U.S. and global efforts to address transmission challenges need to be centered around what young women and girls say they want, Roose-Snyder said.

Girls and young women from diverse backgrounds should be engaged now, even if they haven’t always been, because they know what they want and “they will save us a ton of money because they will tell us what our dumb ideas are off the bat and they will be experts in their own lives and wants and needs and risks,” she said.

That will need to happen even as the DREAMS partnership has been incorporated into the broader country operating plan process at PEPFAR, after being a standalone program. While that may help solidify the longevity of the program, there is the potential that expertise will be lost, that the implementation in the original layered approach will falter, that it may get less attention, and could lead to funding cuts for girls and young women in other areas even though DREAMS funding is earmarked, she said.

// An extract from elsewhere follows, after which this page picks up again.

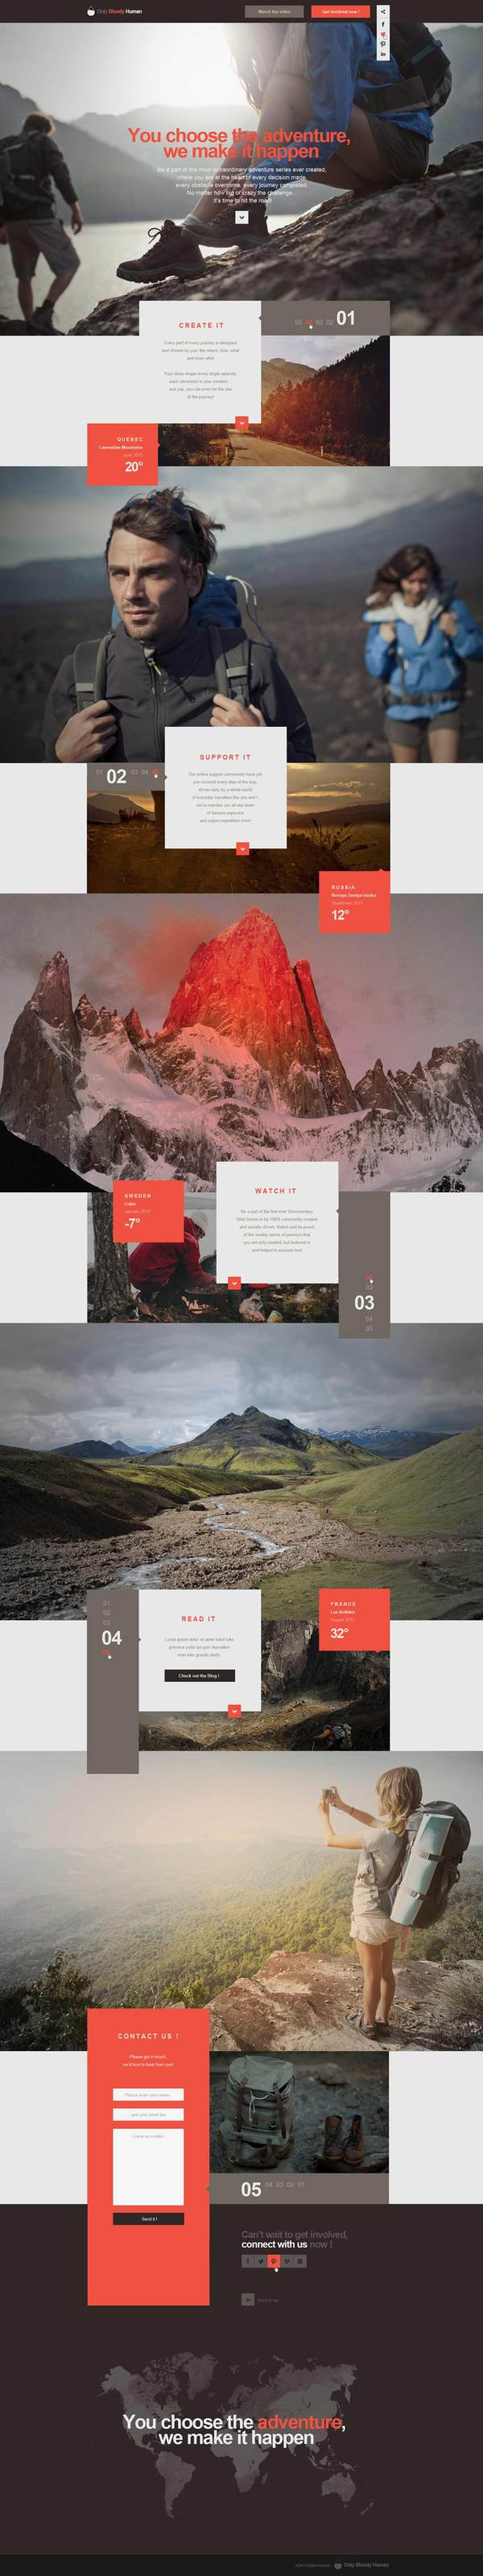 15-websites-with-full-page-designs-9

Global efforts, including DREAMS, need to be a part of the discussion following the AIDS conference to determine future action, Luo said. Those engaged in the work need to sit down “as a community to look at the elements” and figure out how to match needs in different areas and accelerate and scale interventions with good coordination structure, she said.

As UNAIDS works to develop a new strategy, it is important that it includes a continued focus on adolescent girls and young women, and thus far, Winnie Byanyima, the UNAIDS chief, has taken the issue very seriously, Luo said.

Coordination will be needed going forward, including between health and other sectors, including education, and among governments and civil society, she added.